Shifting tactics, Israel’s Peace Now movement last weekend used nonviolent civil disobedience practices during an innovative protest against the Israeli government’s refusal to enforce the law and dismantle illegal settlement outposts in the West Bank.
Turning the tables on the settlement enterprise, Peace Now and its partner organizations hired a bulldozer – one of the symbols of the occupation and the settlement project – to dismantle the outpost of Homesh in the northern West Bank.
The landmark protest took place on Saturday. It focused on Homesh, which was built on Palestinian land in violation of a 2005 Knesset law which specifically ordered its dismantling. In addition to the law forbidding Israelis from being in Homesh, a Supreme Court ruling allowed its Palestinian landowners to return to their land in 2013.
Despite the legislation and the Court ruling, settlers continue to reside there and even opened a yeshiva, a religious seminary, in Homesh. Meanwhile, the Palestinian landowners are denied or restricted access to their private property. Underscoring the severity of the scandal, Israel’s Supreme Court described this situation as “a world turned upside down.”

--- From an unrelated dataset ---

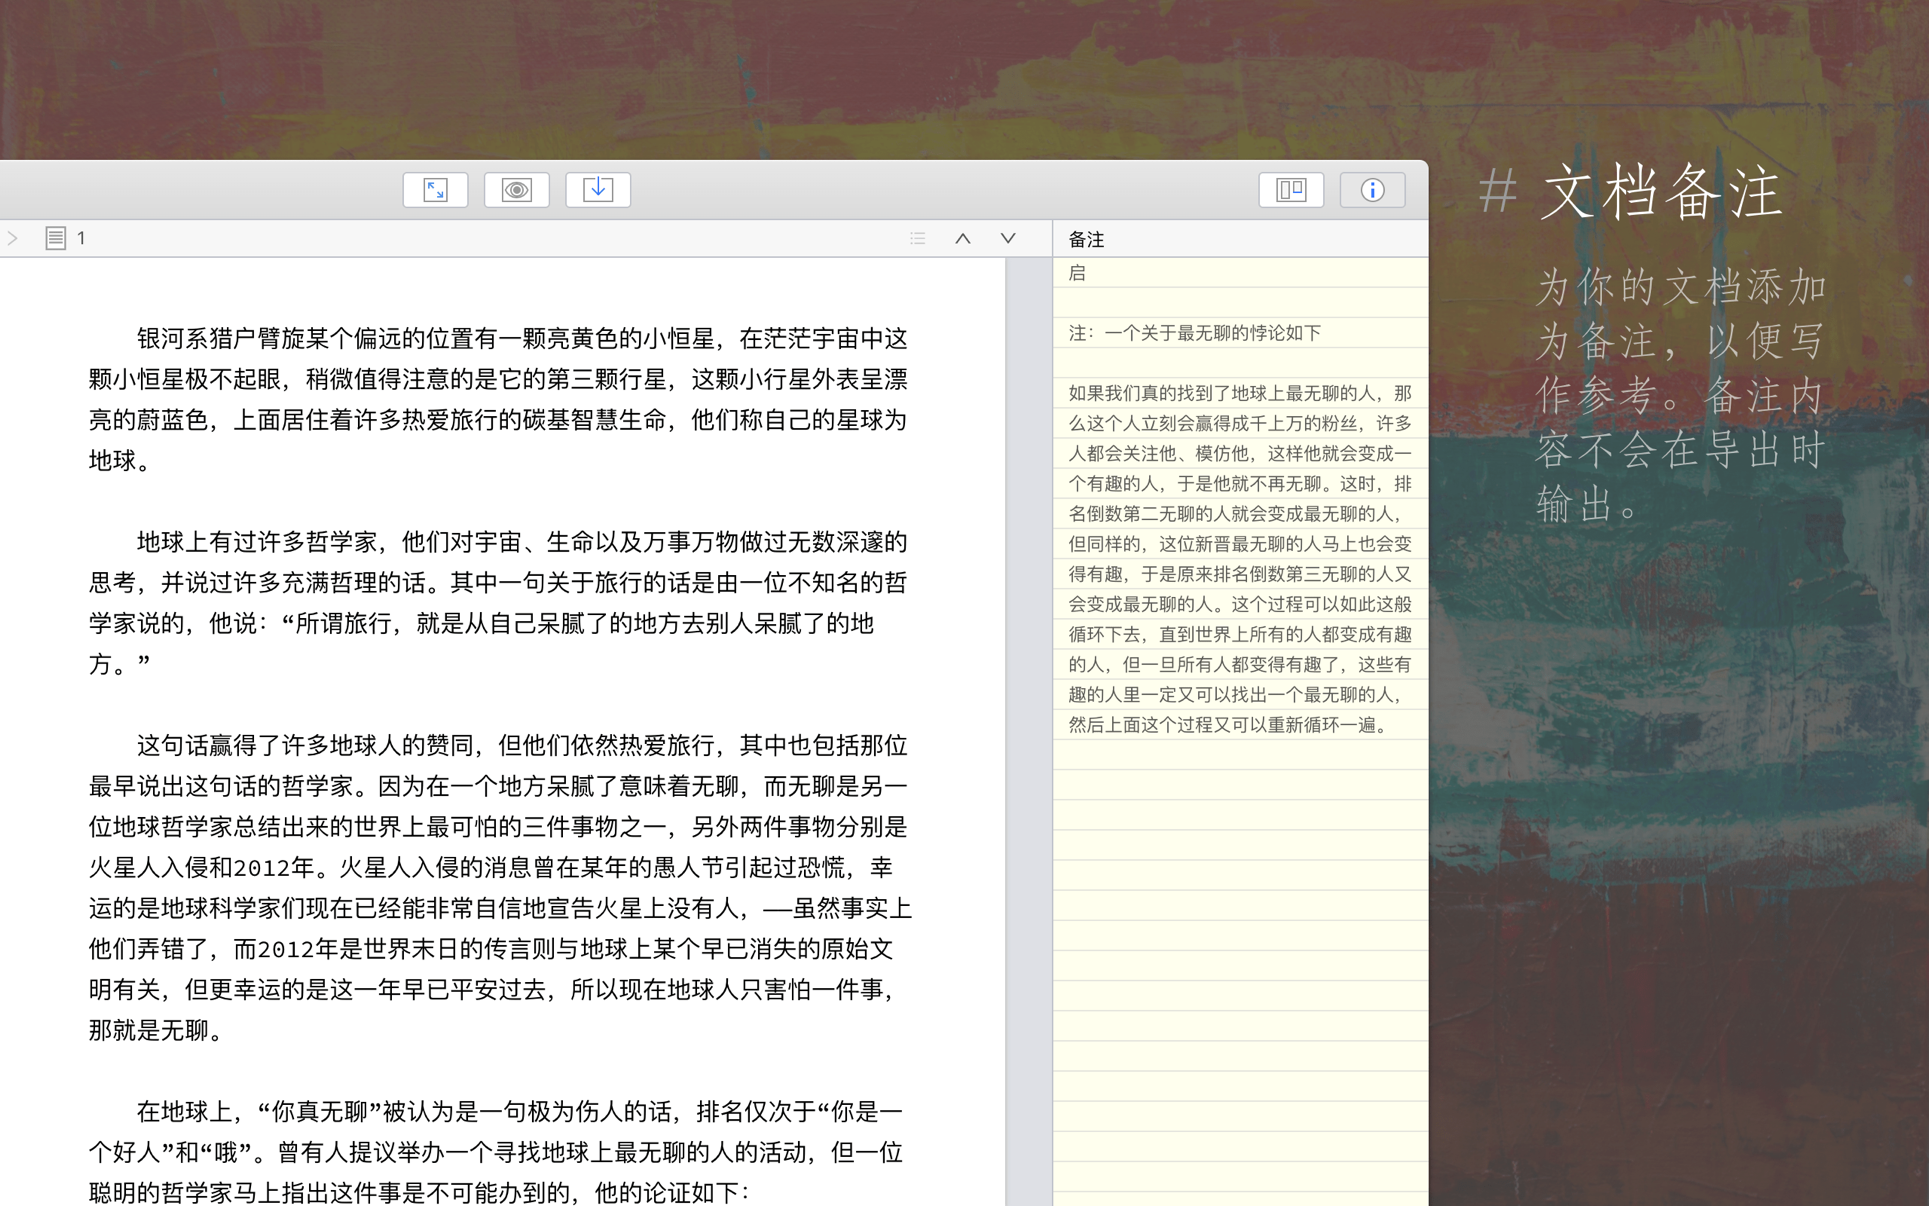 妙笔 WonderPen for Mac 2.3.4 中文破解版 优秀的文本写作工具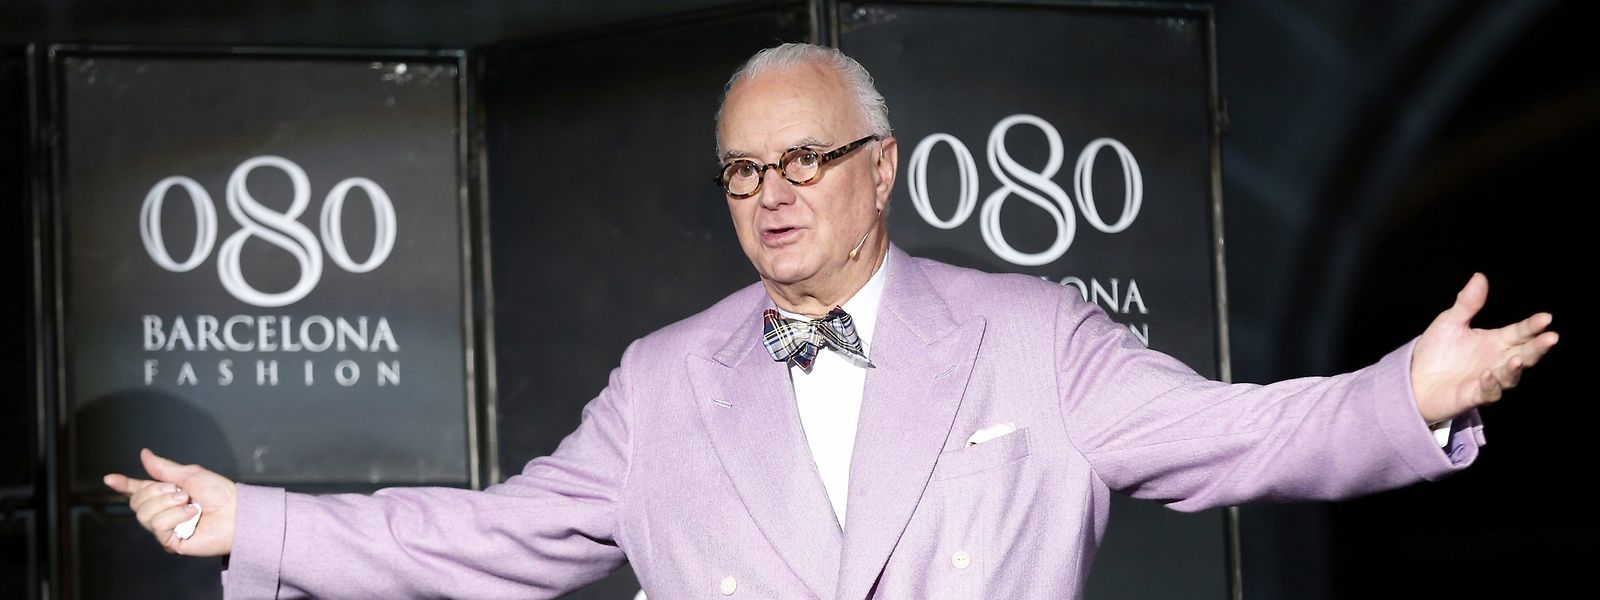 Der spanische Modedesigner Manolo Blahnik, Gründer der gleichnamigen Schuhmarke, feiert am Sonntag seinen 80. Geburtstag.

Ahead of its May 28th protest, Peace Now hired a bulldozer to lead a procession of activists to Homesh. But before crossing the Green Line, the bulldozer drivers were arrested. A peace activist, who was followed by plain clothes police officers from his home, was also arrested, en route to the demonstration.
Ironically, the official cause for the arrest was this activist’s intent to breach the 2005 law, the very same law that he and his fellow activists are demanding be enforced on the settler squatters at Homesh.
Saturday’s protest was a landmark moment. Not only did it attract many activists willing to engage in non-violent civil disobedience against the occupation. It also brought together a large coalition of anti-occupation organizations, under the leadership of Peace Now. It was depicted as such in the Israeli and international media.
Peace Now’s Interim Executive Director Dana Mills called it “a moment of rejuvenation and re-energizing the peace camp,” and promised more determined action against the settlements and the occupation.